The honey bee population is falling dramatically, far more than one may think. In 2008 the British Bee Keepers Association published data accounting for a 30% drop in population between 2007 and 2008. In the same period the European Food Safety Authority published results for Italy, a bee keeping nation on an industrial scale, which showed a startling 40 – 50% drop in population. There is however discussion over the accuracy of these figures. Before populations started to fall there was no established structure for the sharing of data between countries, so whilst this data is worrying, it is not the entire picture.
But the actual reason for this population plummet still remains vague. The Varroa mite is thought to be partially responsible, attaching itself to the honey bees and sucking their blood, in turn lowering their immune system. Additional environmental pressures such as the use of pesticides and nectar low habitats, and the passing of two wet British summers, are also thought to have led to Colony Collapse Disorder.
With the determining factor in population fall of honey bee still vague, concerned members of the European Parliament are currently calling for research funding to be pushed through as a priority.

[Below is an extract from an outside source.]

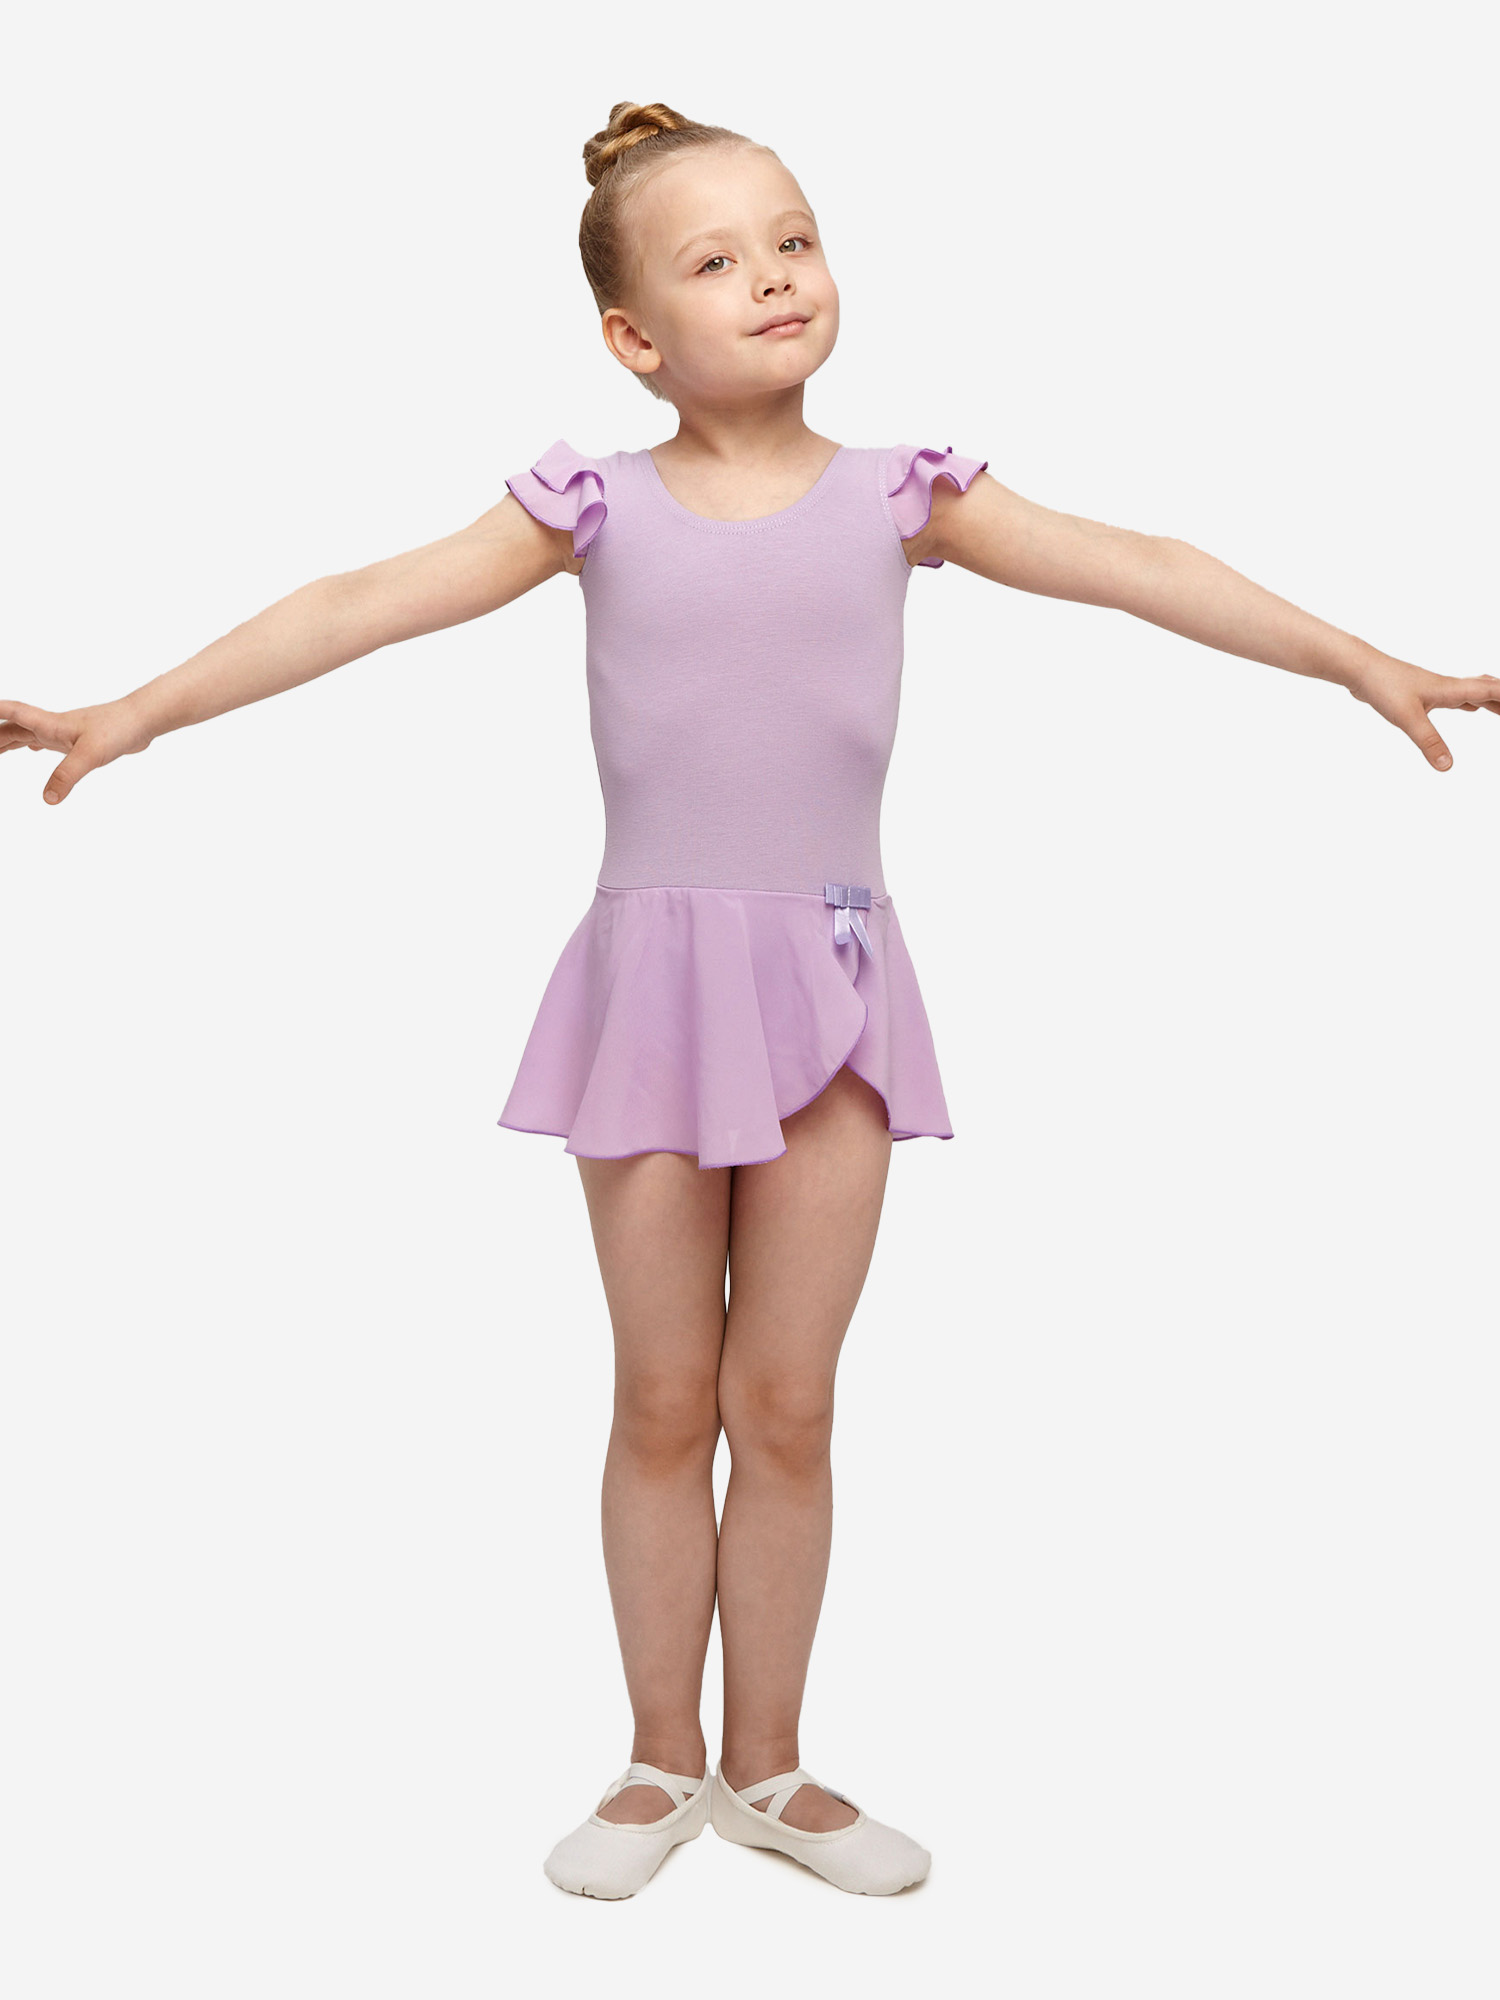 Купальник гимнастический Belkina с юбкой для танцев и тренировок, Фиолетовый купальник гимнастический belkina с юбкой пачкой для выступлений фиолетовый

Thought’s that high nectar arable set aside locations can be created to aide recovery have also been mentioned but funding will take time, all the while as the bees population continues to slide.
Whilst not directly combating the problem of population fall, farmers and citizens can do their part by establishing new colonies honey bee or encouraging nectar rich plants to grow in their gardens. Most hives will provide enough honey for a family, whilst going someway towards stopping this essential insect family from becoming extinct. Time does not seem to be on their side, and if they disappear would be the ones to follow?